How recovery progressed
AWS engineers began work on mitigation shortly after the first faults were detected. The initial step involved isolating the incorrect DNS resolution behaviour and bringing alternative resolution paths online. At the same time, they undertook efforts to restore accurate health signalling within the EC2 network. During this phase, AWS temporarily limited the rate at which new EC2 instances could be launched in the affected region.
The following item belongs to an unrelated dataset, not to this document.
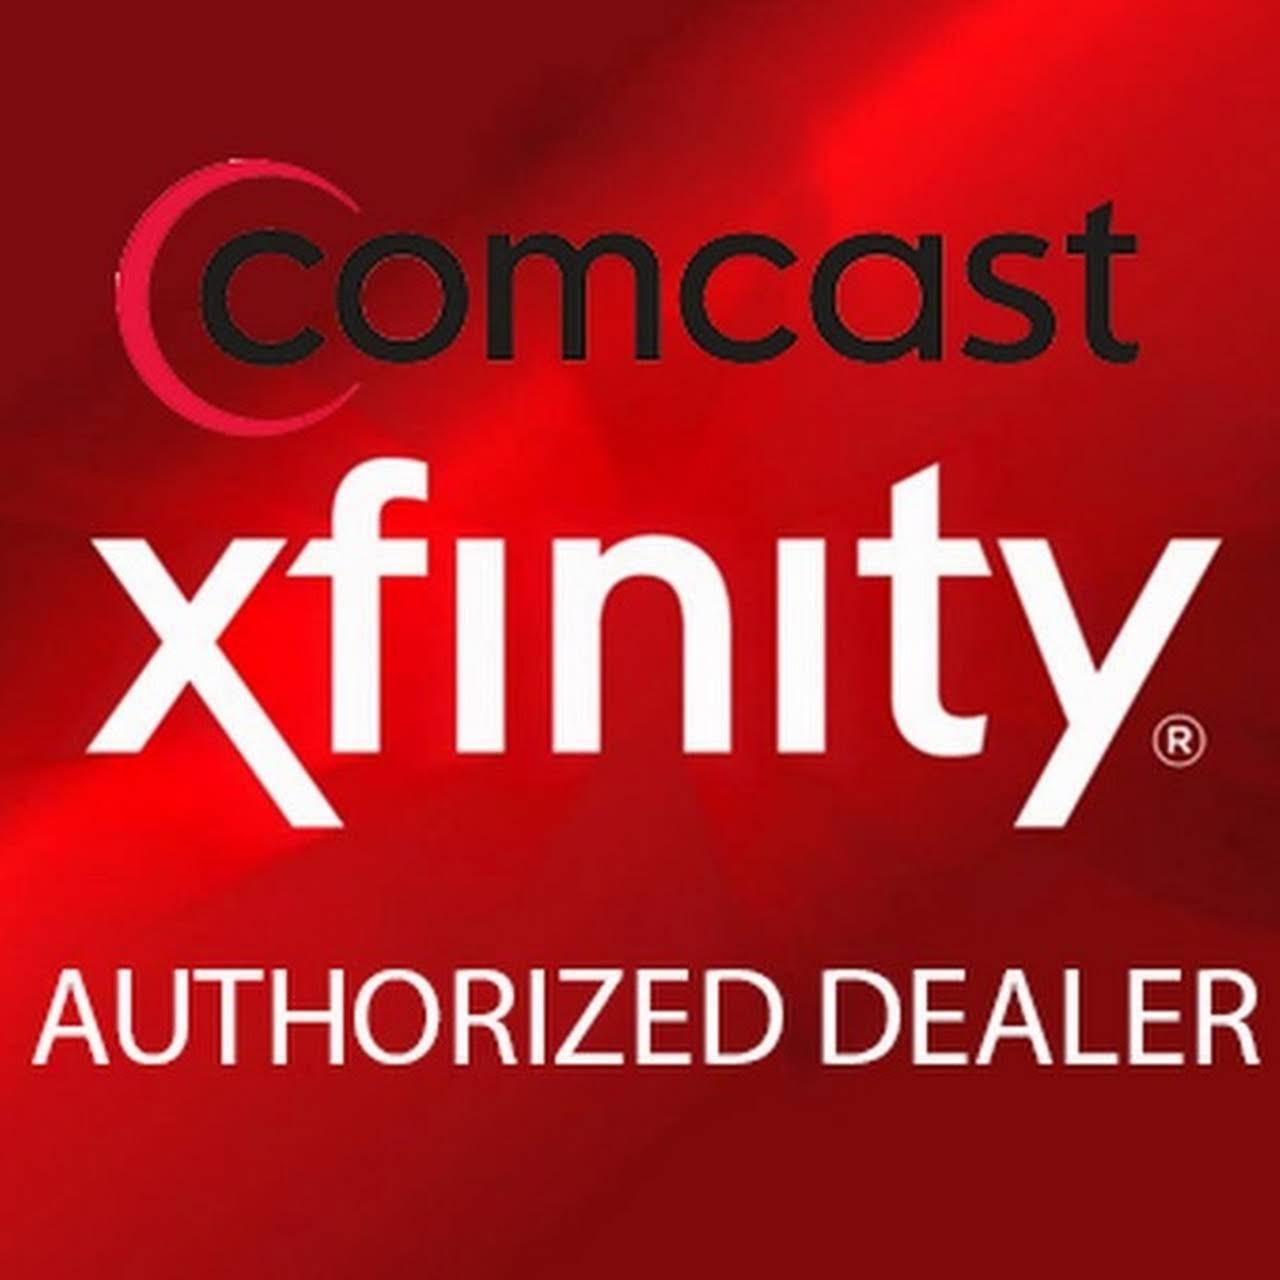 Comcast Xfinity Authorized Retailer - Internet Service

This measure was intended to prevent additional strain on the recovering infrastructure and to maintain a stable environment for service restoration. Such throttling is not undertaken lightly, for it disrupts systems that scale dynamically. However, it is sometimes necessary to preserve overall system integrity while repair work proceeds.
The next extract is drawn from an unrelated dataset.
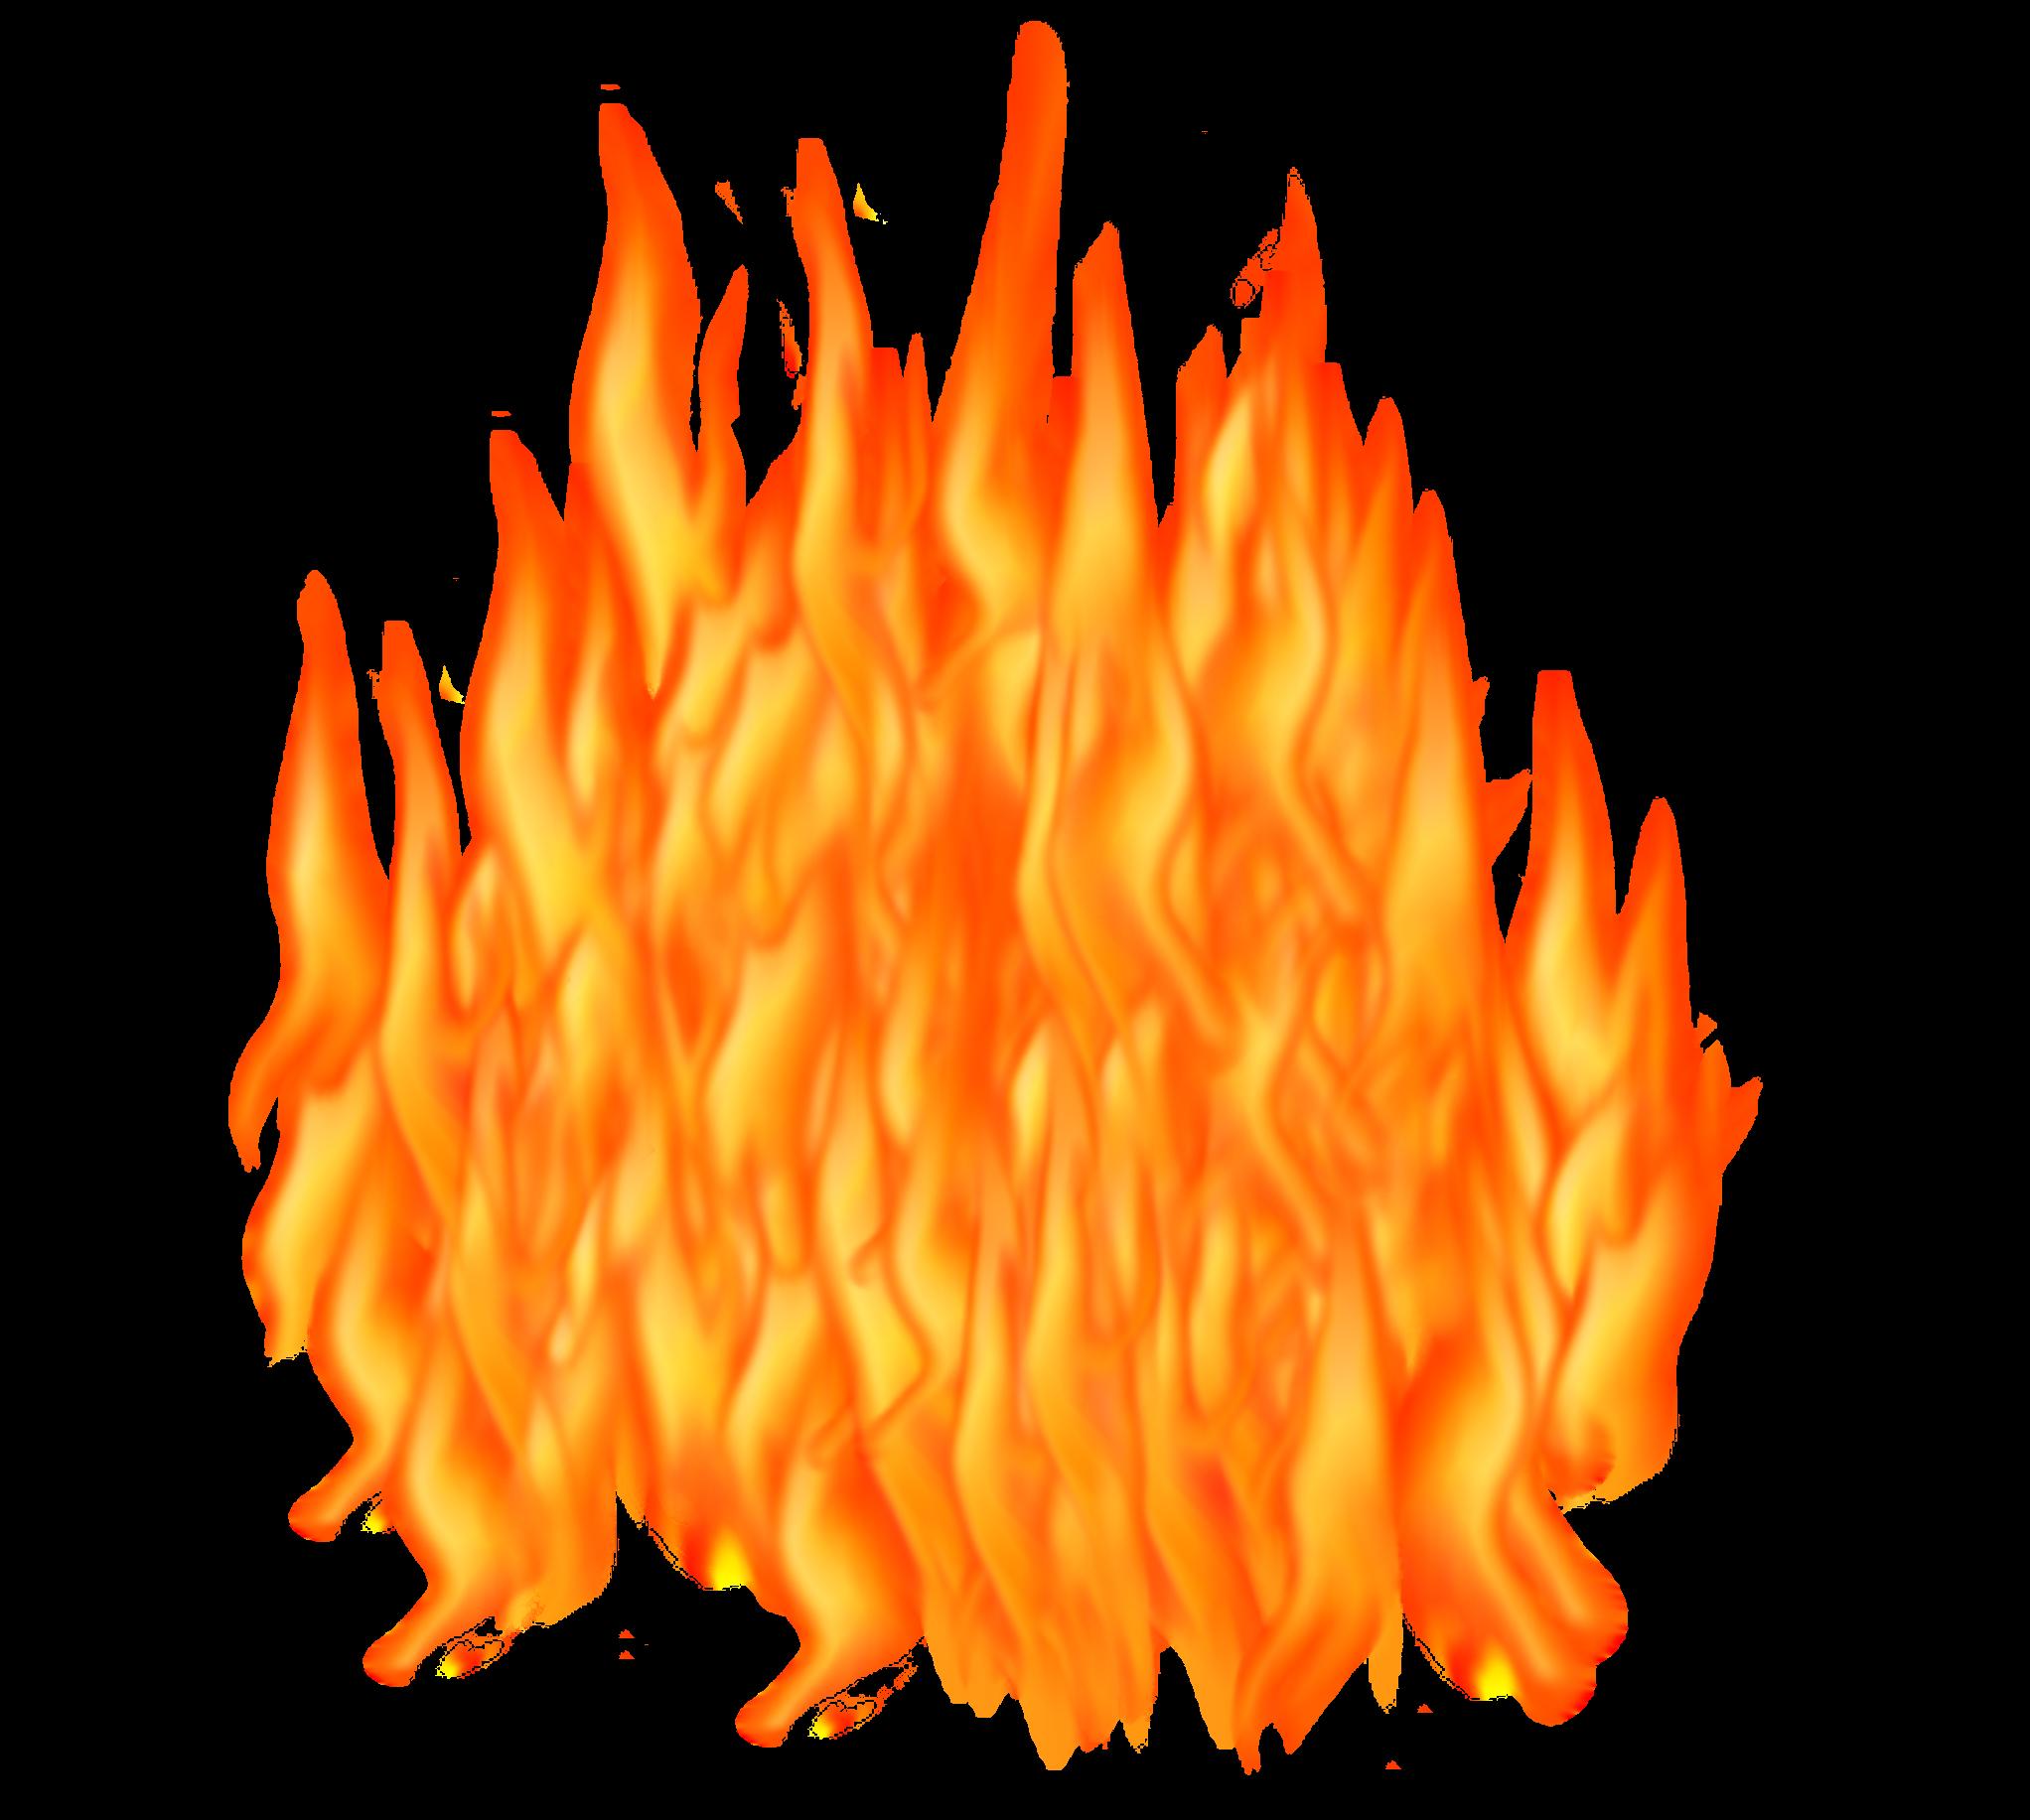 Flames Png - ClipArt Best

The most severe phase of the disruption lasted approximately fifteen hours from the first spike in error rates to general recovery. During the later portion of the event many services began gradually returning to stability. Full recovery required time due to the need to clear backlog queues, re-initialise certain service relationships and restore consistent data replication. Some organisations observed lingering effects several hours beyond the official resolution as their systems synchronised and load patterns normalised.
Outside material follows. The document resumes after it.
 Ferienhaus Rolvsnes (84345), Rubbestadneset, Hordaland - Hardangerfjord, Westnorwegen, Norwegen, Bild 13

Lessons for architects and operators
- Reduce concentration risk. Do not allow a single region to anchor identity, control planes or critical storage.
- Design true multi-region behaviour. Replication is not enough. Address identity, session state, routing logic and write strategy.
- Plan graceful degradation. Permit read-only modes, fallback caches and deferred writes so that service remains useful during partial failure.
- Map dependencies. Maintain a live inventory of upstream and downstream services, including DNS, queueing, storage and control endpoints.
- Drill failover in production-like conditions. Test live traffic migration, capacity headroom and throttling effects.
- Monitor the invisible layers. Track DNS response quality, resolver health, load balancer status and internal health signals in addition to user-facing metrics.
What to fix next
Teams should begin with an audit that names every dependency which points into US East 1. Catalogue authentication systems, data stores, queues and control services. For each item, document its alternate path. If none exists, define one. Where possible, separate reads and writes so that a loss of the write path does not remove the entire service. Introduce caching with clear timeouts and limits. Keep error messages simple and useful so that users understand whether to retry, to wait, or to try a reduced feature path.
From there, build a failover runbook that any trained engineer can follow. Include conditions for invocation, traffic migration steps, a communications plan and rollback steps. Practice on a schedule. Measure the time from incident start to user confirmation of recovery. After each drill, adjust thresholds and steps so that the plan improves.
Closing note
The October 2025 AWS outage serves as a sober reminder that our networks run on layers that are often unseen until they fail. DNS and load balancer health signals do not call attention to themselves during normal hours, yet they hold much of the structure together. When they falter, consequences arrive quickly and without ceremony. The sensible response is not panic but craft. Map the system. Remove silent single points of failure. Teach the service to bend without breaking. Do the work before the next storm.